Avoid closing connections

Begin by tuning connection behavior. Most server defaults are tailored for environments with large numbers of clients, each making a small number of requests. For RTB, by contrast, a small pool of machines sends requests on behalf of a large number of browsers, relatively speaking. Under these conditions, it makes sense to re-use connections as many times as possible.
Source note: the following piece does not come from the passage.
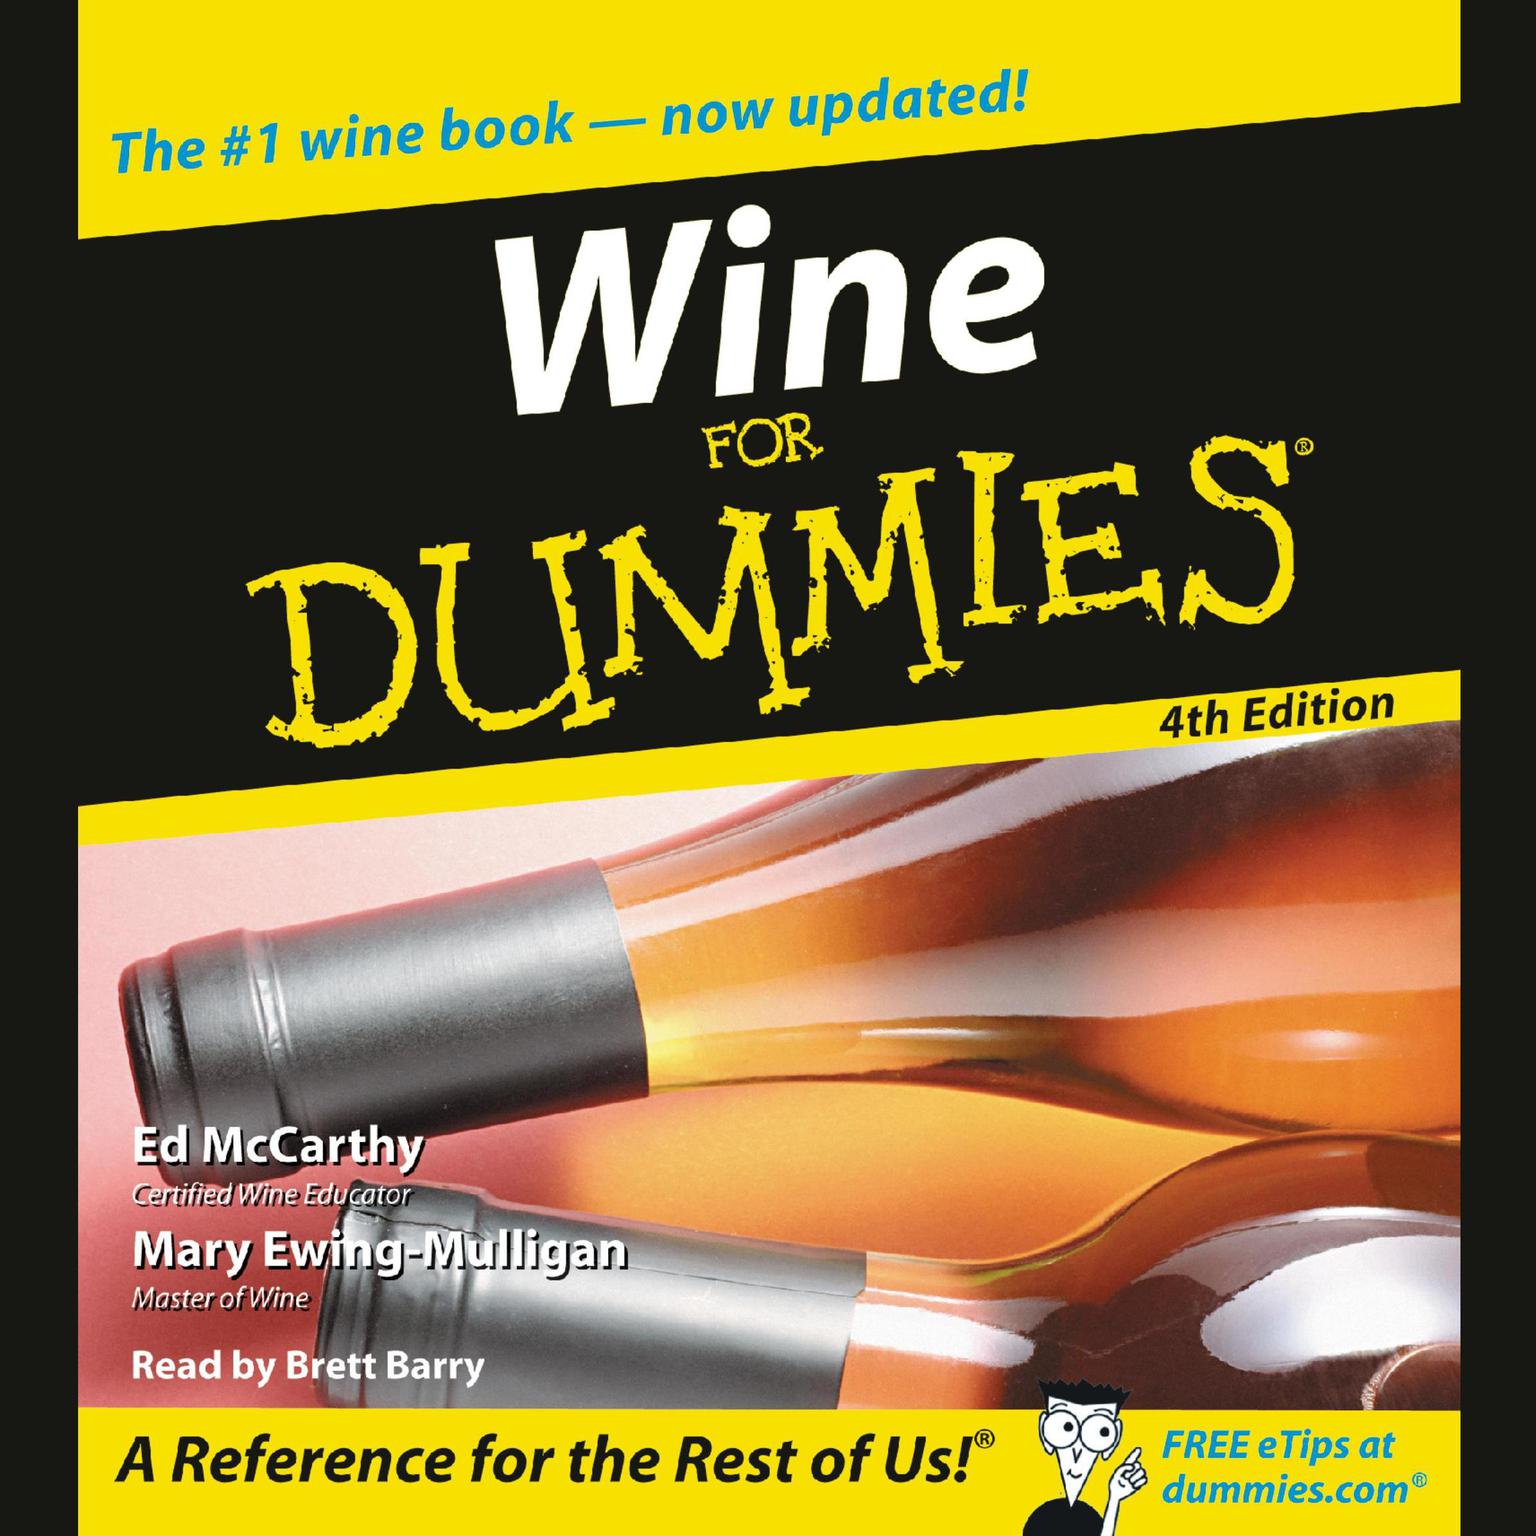 Wine for Dummies 4th Edition (Abridged) Audiobook, by Ed McCarthy

We recommend that you set:

Idle timeout to 2.5 minutes.
Maximum number of requests on a connection to the highest possible value.
Maximum number of connections to the highest value your RAM can accommodate, while taking care to verify that the number of connections does not approach that value too closely.

In Apache, for example, this would entail setting KeepAliveTimeout to 150, MaxKeepAliveRequests to zero, and MaxClients to a value that depends on server type.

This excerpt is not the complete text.